Synnott is in KK as the expedition leader on a climb out of Low’s Gully but it establishes him as a climber-cum-investigative writer which is ultimately his role in this context. In itself, the chapter is an interesting read and, as perhaps the real scene-setter to the whole book, it’s an instrumental chapter. Although Honnold was by that stage the best free soloist in the world, he clearly was learning lots of stuff about expeditions from Synnott, Chin and Anker – the 'Silverbacks' on the team. Whilst Synnott, Chin and Anker were clearly impressed by Honnold’s climbing on that expedition, Honnold was reluctant to admit that he’d learned stuff from them, and it nearly caused a fatal rift between the team. All turned out well though when, on reflection, Honnold accepted the wisdom of the older climbers.

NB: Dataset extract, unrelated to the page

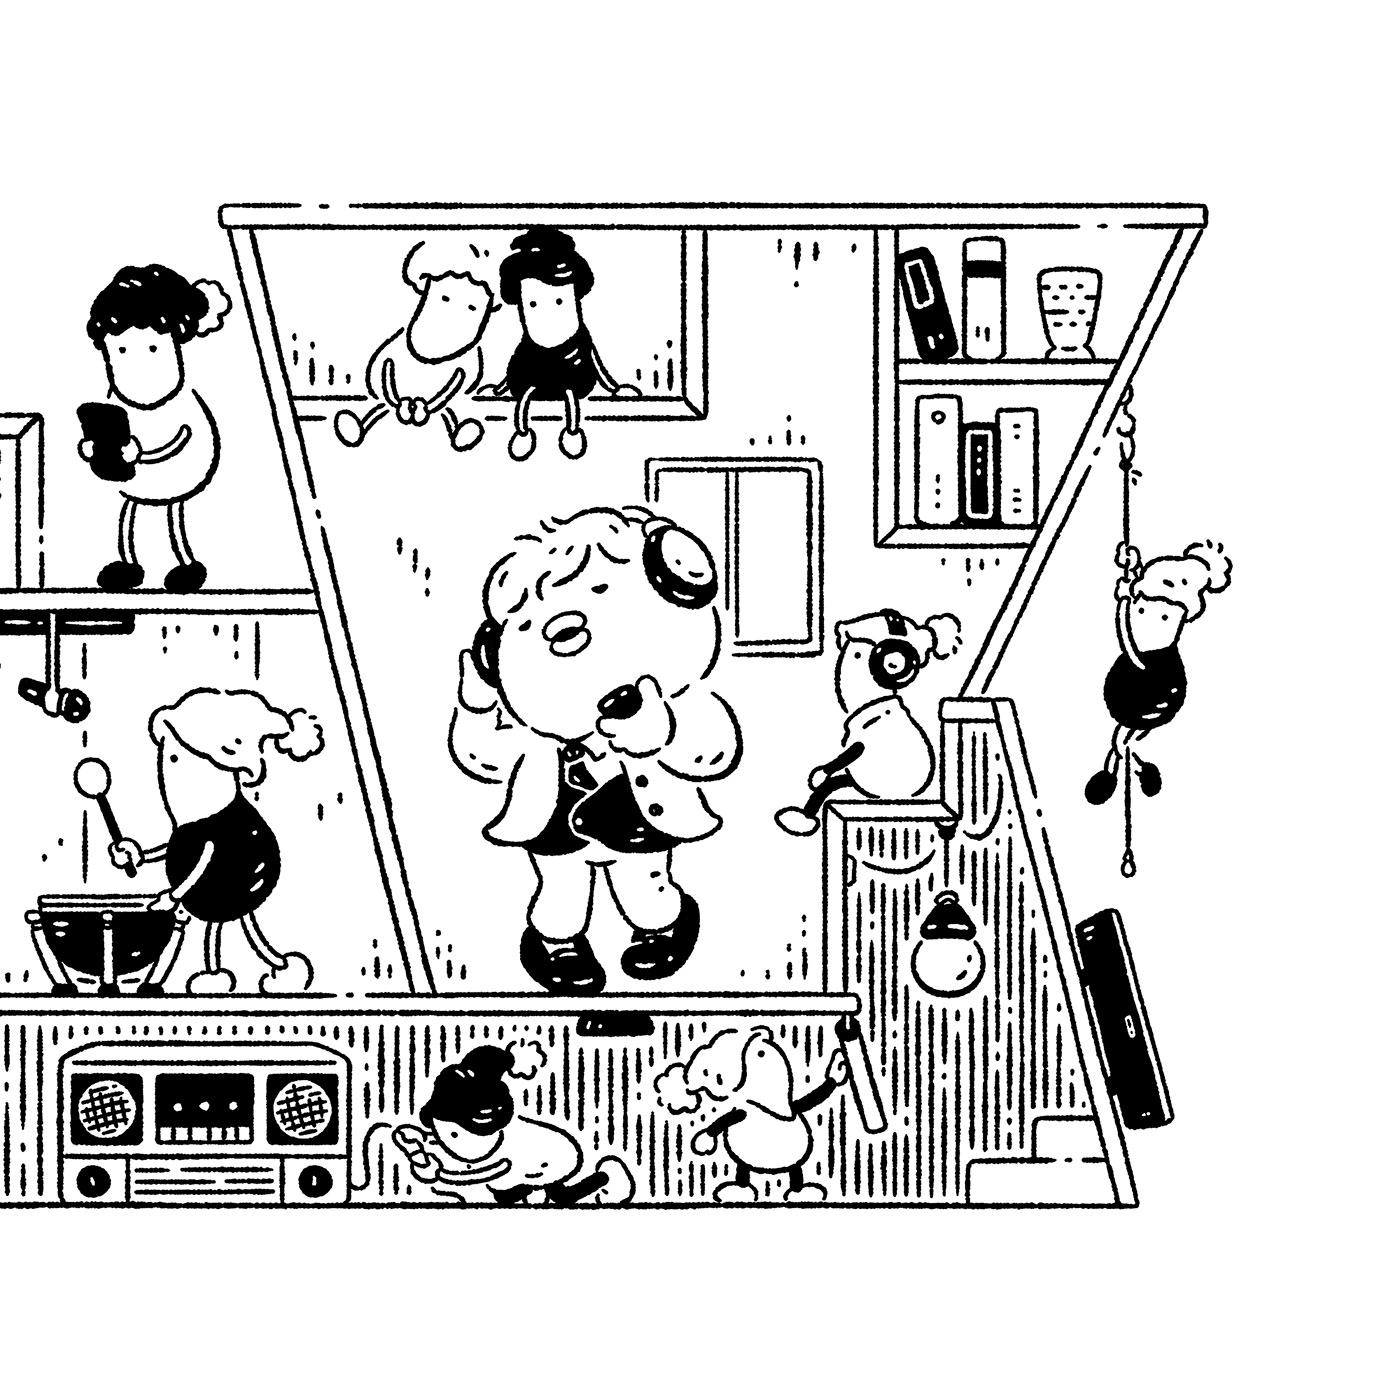 art ILLUSTRATION  popoland 插畫 波寶島 繪圖 藝術 角色 簡約 黑白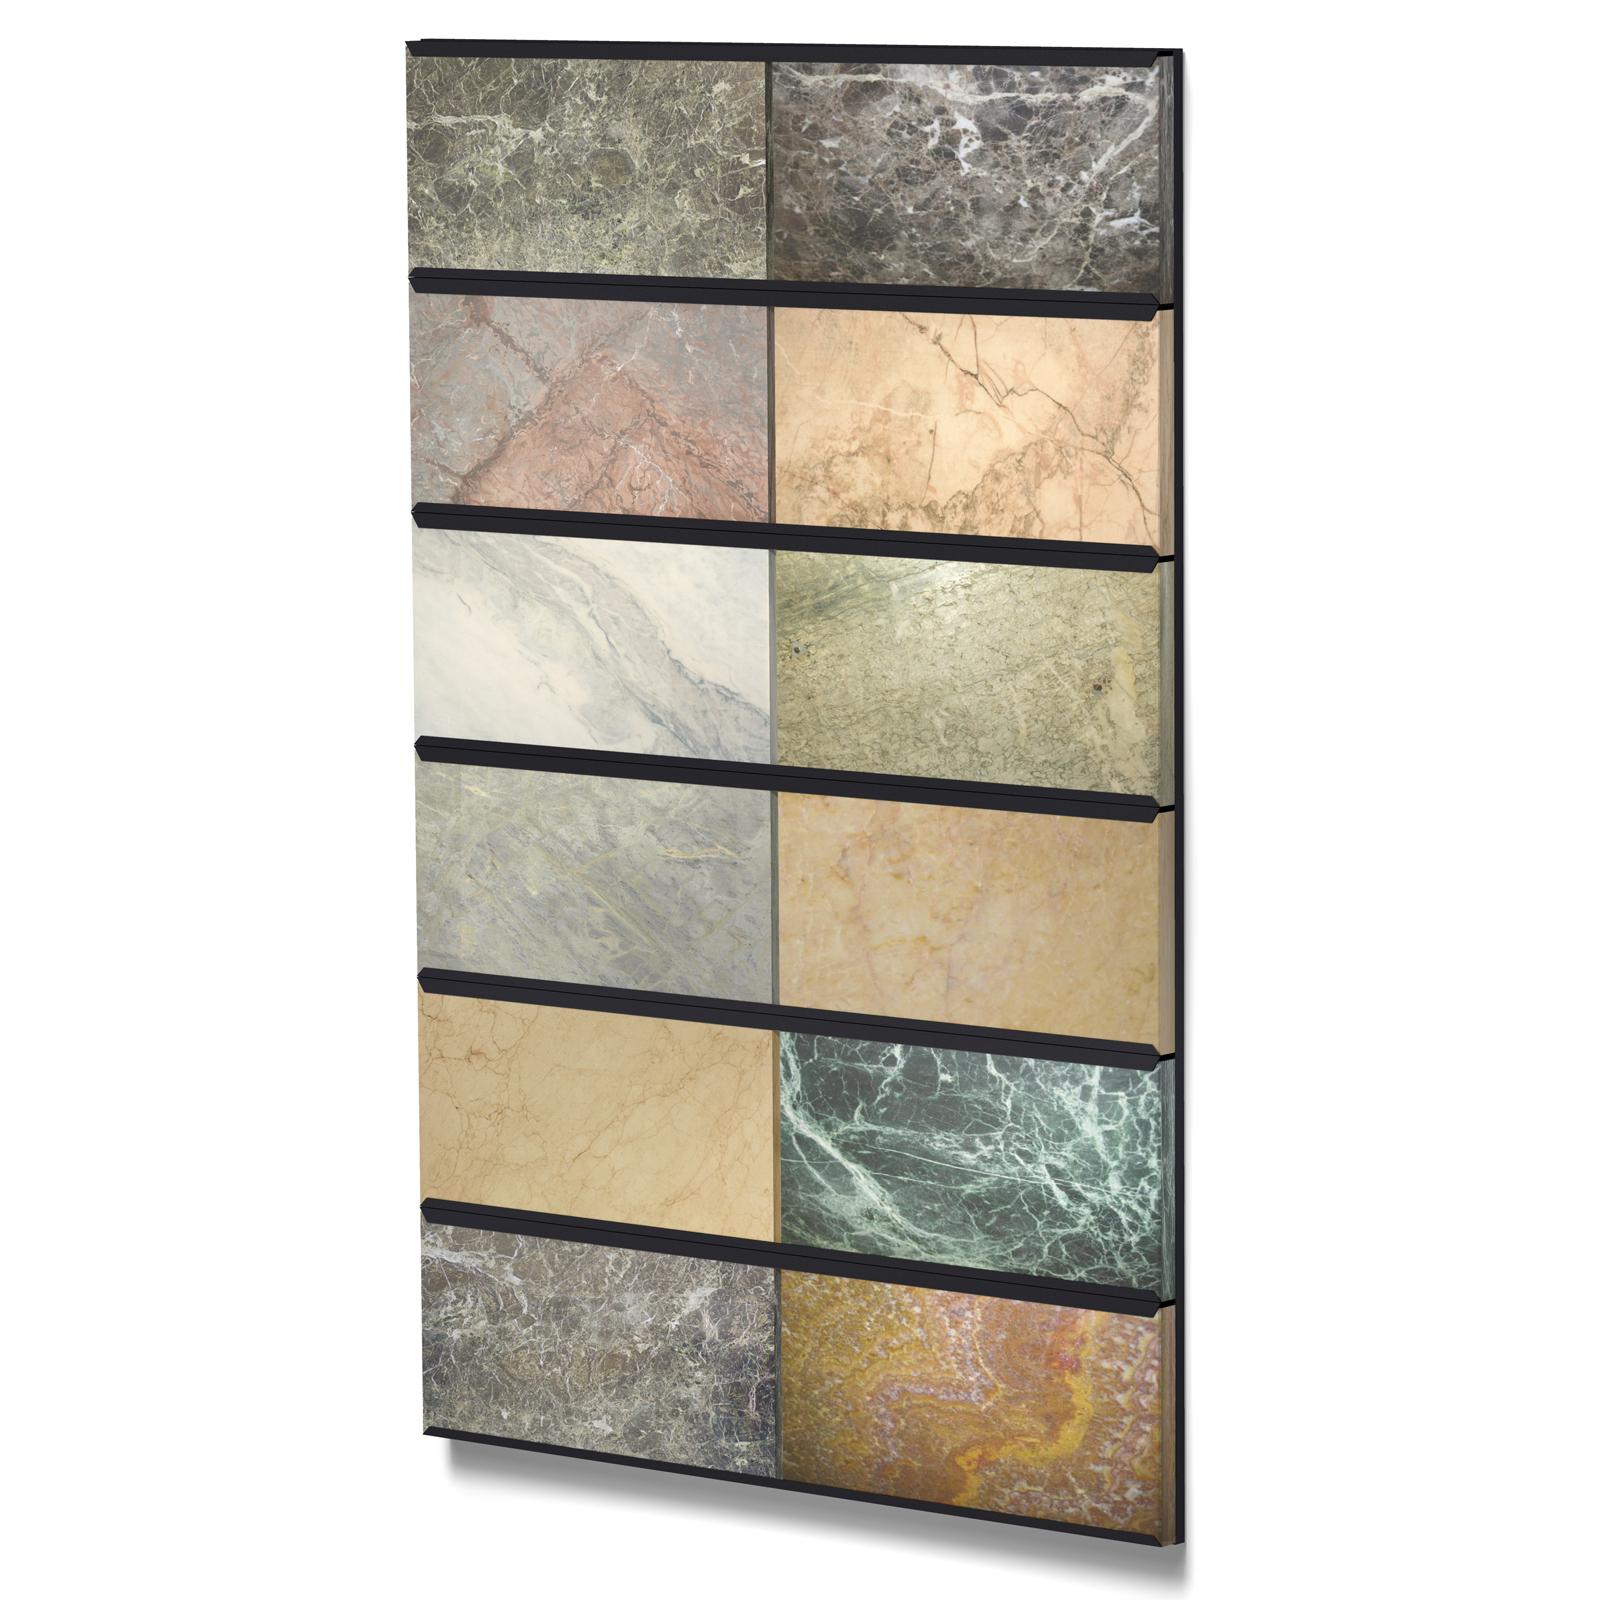 showroom wall mounted slide mosaic tile display ceramic rack buy ceramic tiles display stand wall mount display rack ceramic tiles metal shelf

From Chapter Six onwards Synnott develops Honnold not only as a climber and the amazing free soloist that he is but also as a person and as a founder of the Honnold Foundation. Synnott drives the story forward talking about the first ascent of The Dawn Wall, the MRI scans looking into Honnold’s amygdala, his free solo in the Taghia Gorge, his developing relationship with Sanni his new girlfriend and then ultimately – his preparation for his amazing solo of Freerider.
The Impossible Climb is without a doubt an insightful book, more wide-reaching than perhaps you’d think, but Synnott uses his experience both as a climber and as a writer to paint an incredible canvas. The Impossible Climb is not to be missed. Very definitely, it’s another unmissable chapter in the story of climbing and the most audacious solo ever achieved by anyone.